Researchers simply prepare their samples using SCIEX’s proprietary sample-preparation kits, which include more than 50 internal standards, inject them onto the Lipidyzer platform, and the software takes care of the rest, configuring and running the mass spectrometer and outputting the biological findings. The system can automatically identify and quantify more than 1,000 lipid species at once, Abdi says. “There is no method development, no experimental design on behalf of the user.” He adds, “The platform is so cool that the user doesn’t even see a single spectrum or a single peak. It is literally taking samples directly to the biology.”

SCIEX also supports an alternative discovery-mode lipidomics strategy on its TripleTOF® mass spectrometers. Called MS/MSALL, the strategy is a data-independent acquisition protocol that (like SWATH® acquisition) enables researchers to collect spectral fragmentation data on all molecules in a complex mixture for subsequent analysis, even if they weren’t aware of a given molecule’s significance at the time of data collection. Thus, researchers can retrospectively re-mine a dataset for any species that may be of value in a later study without having to recollect the data. (Waters offers a data-independent acquisition mode of its own, called MSE.)

GC and LC are OK

Many researchers use liquid chromatography (LC)-coupled mass spectrometers for lipidomics work (or, alternatively, direct sample infusion), but some prefer gas chromatography (GC) separation instead of, or in conjunction with, LC-MS. Thermo launched its Q Exactive GC Orbitrap at the American Society for Mass Spectrometry conference earlier this year; using it, researchers can analyze those lipids that do not ionize or fractionate well by LC, Huhmer says—although chemical derivitization may be required to do so.

“Traditionally people do [lipid analysis by] GC, but the number of lipid classes you can cover is limited.
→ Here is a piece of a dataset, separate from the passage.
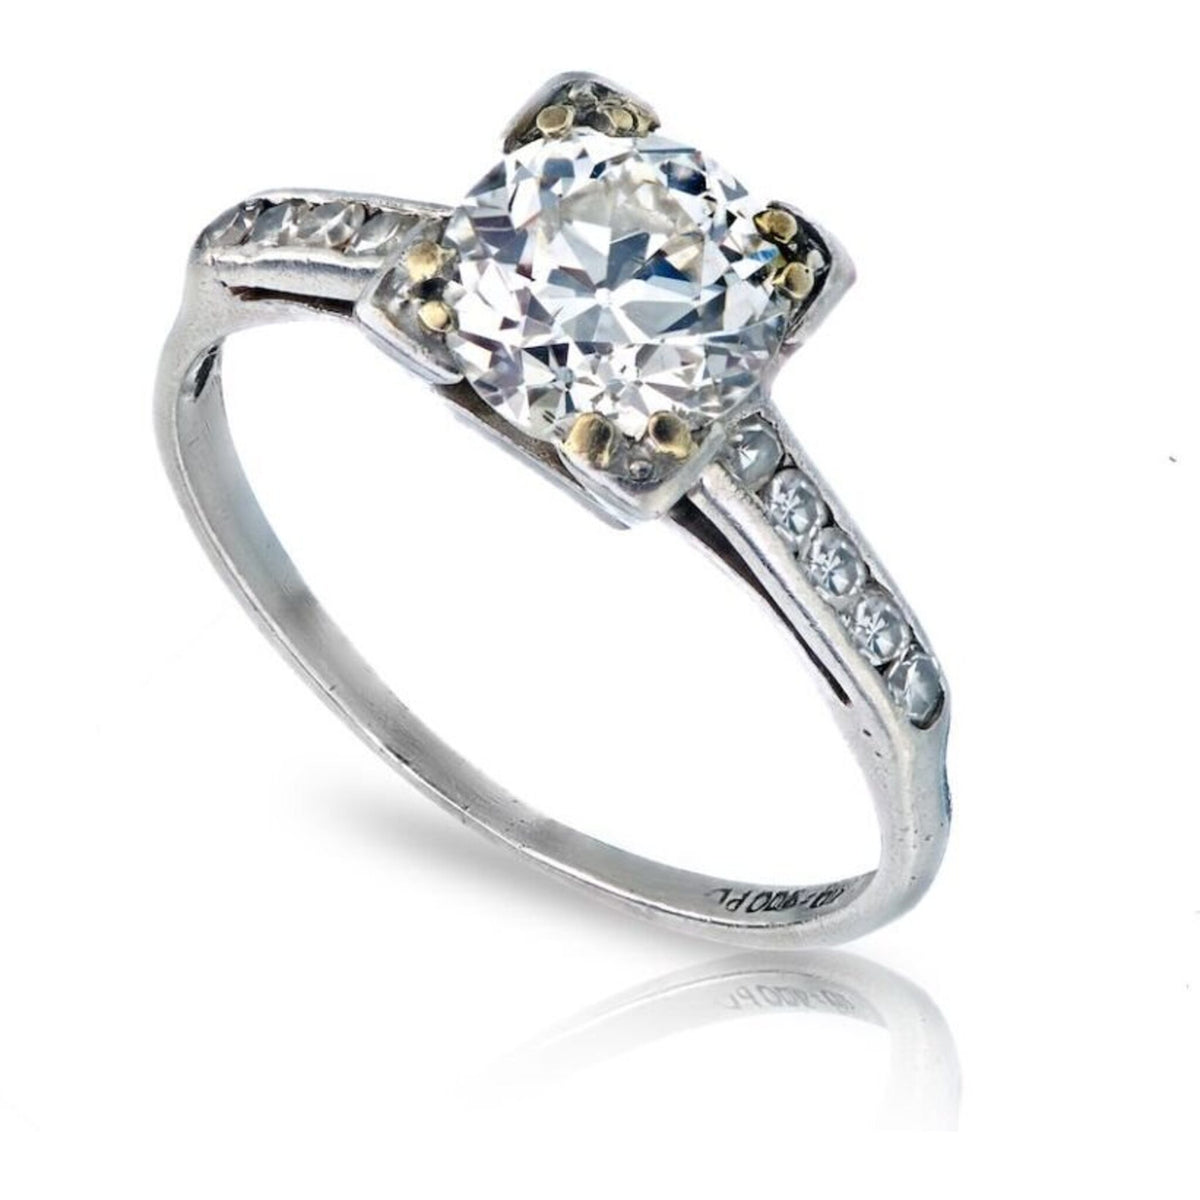 1 Carat Old European Cut Diamond Engagement Ring

But the depth of what you can cover is probably better with LC,” he says. For instance, long-chain fatty acids may resolve better on GC columns, whereas sterols generally work well with both technologies.
What do the data mean?

However you collect your lipidomics data, the goal is to make sense of the information. Lipidomics-focused analysis packages do exist, including Thermo’s LipidSearch and PREMIER Biosoft’s SimLipid software.

A bigger challenge is integrating data across data types, says Wiktor Jurkowski, integrative genomics group leader at The Genome Analysis Centre (TGAC) in the United Kingdom. Jurkowski has developed a software package called ONION, which uses pre-existing knowledge of biochemical pathways and combined lipidomic and transcriptomic data to improve the identification of genes that may be implicated in metabolite changes.

Whether the resulting hits truly represent the underlying biology, of course, remains to be determined. But thanks to new advances in mass spectrometry technology, figuring that out will be easier than ever.